[
Lists Home |
Date Index |
Thread Index
]
- To: xml-dev <xml-dev@lists.xml.org>
- Subject: Can you stand yet another SOAP-RPC vs HTTP GET question?
- From: Mike Champion <mc@xegesis.org>
- Date: Fri, 19 Apr 2002 22:08:13 -0400
I asked the Google Web API people why they didn't just offer a simple HTTP GET of an XML
result. The (FAQ, I think) response was: "We chose to deliver Google Web APIs via SOAP
because we believe that the SOAP developer tools make Google Web APIs accessible to a broad
developer community." OK, fair enough ... if we were talking about some complicated
interface. But we're talking about generating very simple URIs for 99% of what people do with
Google.
For example, one question I ponder frequently "is the world run by knaves or fools" is simple
to pose to the Google URI interface:
http://www.google.com/search?q=is+the+world+run+by+knaves+or+fools All I want is the option
to get the result in XML
http://www.google.com/search?q=is+the+world+run+by+knaves+or+fools&r=xml
Every language I use has a URL library and a string manipulation library, and it would be easy
to take an arbitrary query string, generate such a URI, do a GET on it, and parse the XML
response. Wrap up this logic in a simple API! How much broader a developer community could
they want?. One could easily add some options such as quoting the whole phrase, or whatever.
Granted, this only scratches the surface of what the Google API can do, but then again 99% of
the user's won't do anything more sophisticated (IMHO, anyway).
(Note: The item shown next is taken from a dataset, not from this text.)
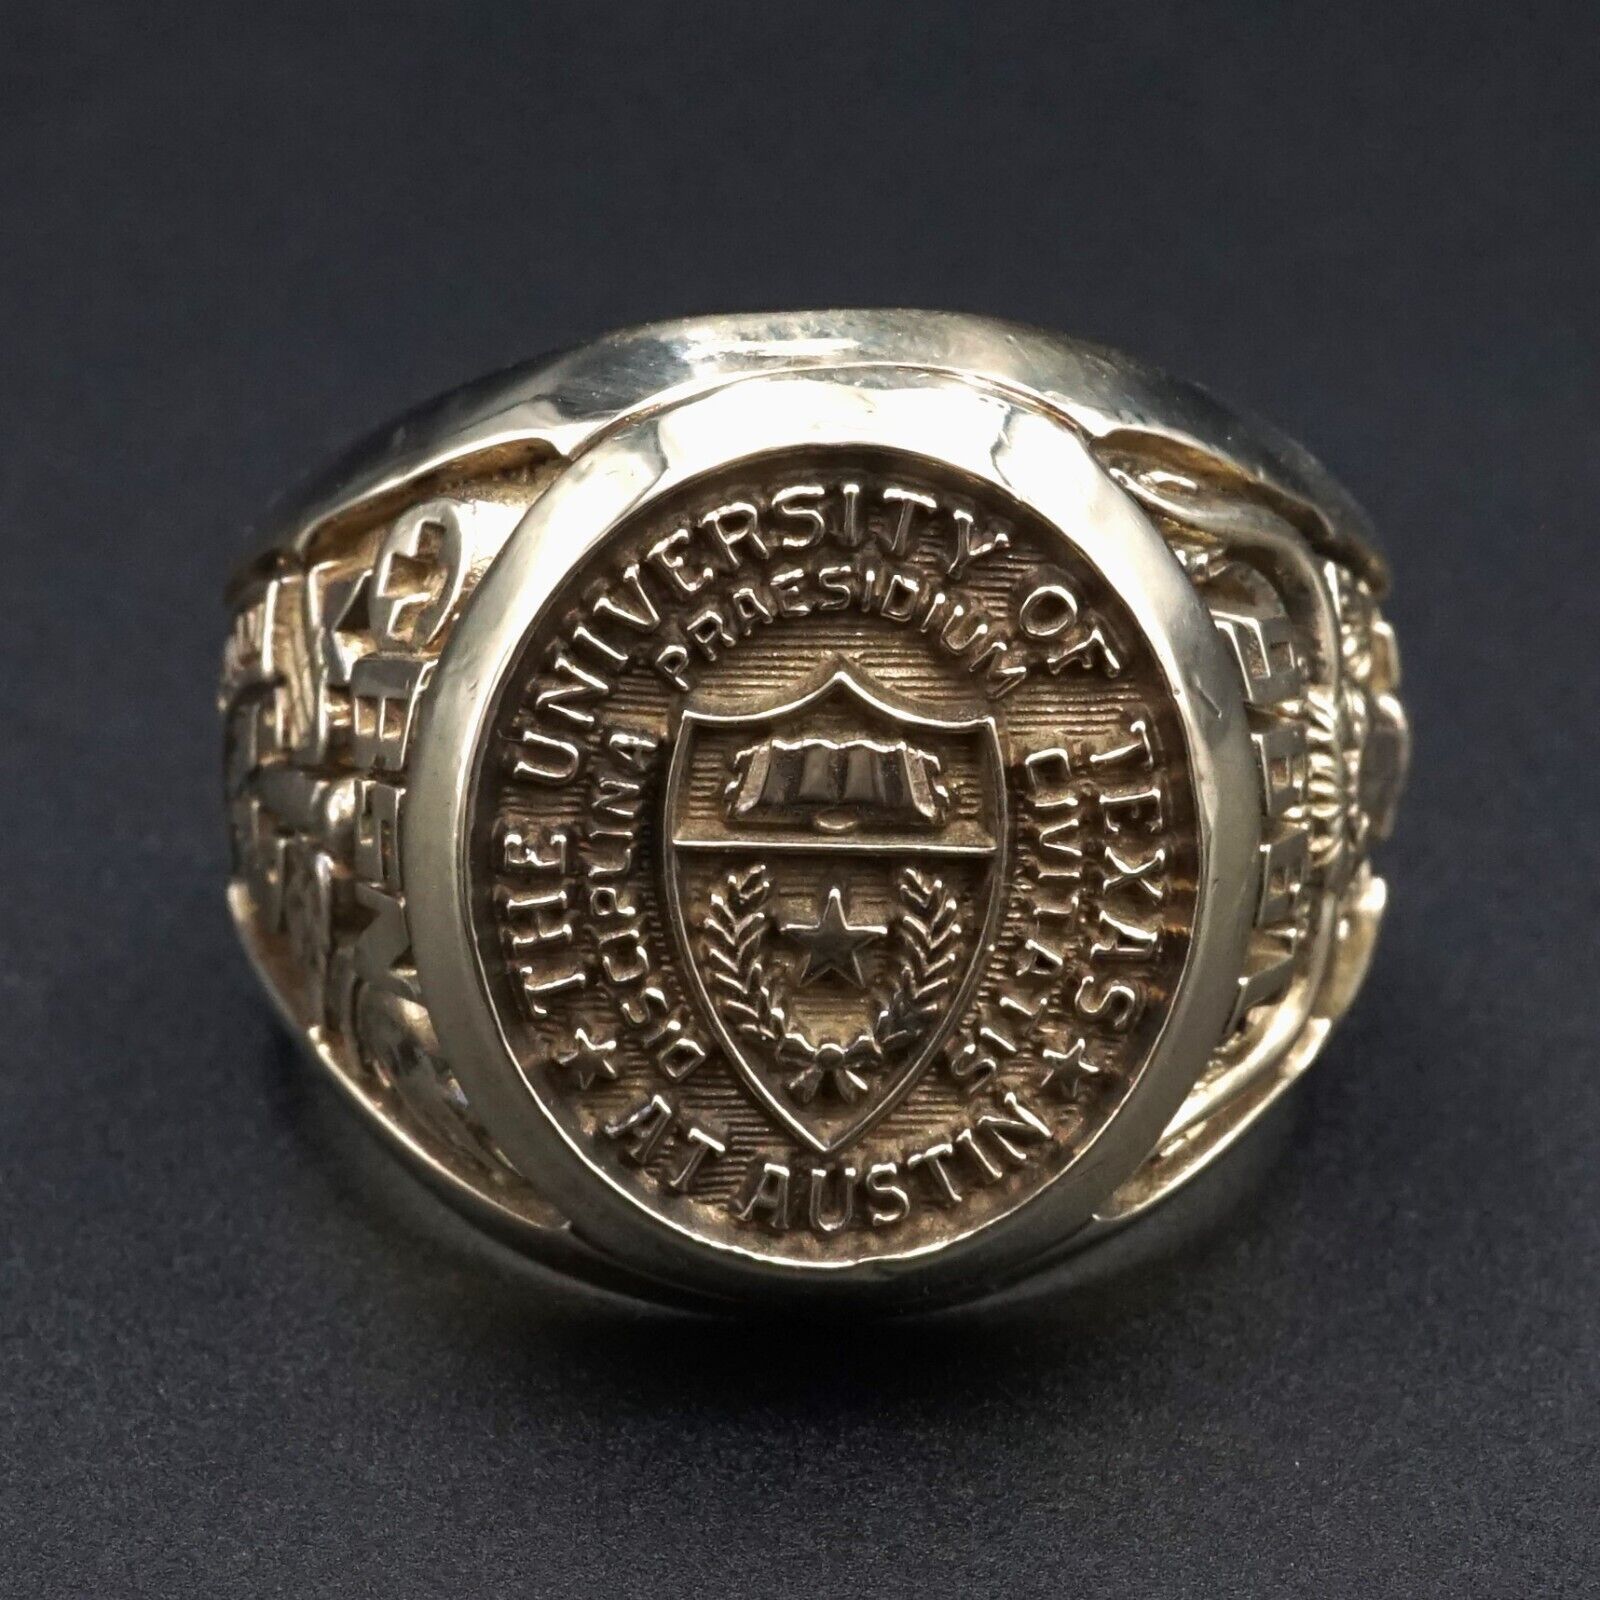 1996 University of Texas seal bachelor of science in nursing 10k gold class ring

A general URI interface would
be at least as complex as the SOAP API, but that would be pointless -- SOAP RPC is good for
representing arbitrary, complex argument lists, and few would object to having that as an
option. I just resent having the complex, general solution forced on me (assuming I want to
access Google from a program) for simple everyday things.
So, what am I missing here? I feel like I've gone senile or something. [Back in mah day,
Sonny, we had to concatenate strings by hand to build URIs, we didn't have no fancy GUI's to
generate WSDL to input to a binder to generate SOAP messages like you young whippersnappers
are usin'] Do most people in the "broad developer community REALLY want to jump through hoops
to avoid having to think about URIs? Or is this example (involving all strings rather than a
mix of strings and integers and structures) just so much more trivial than the "typical" SOAP-
RPC problem that it's not worth thinking about?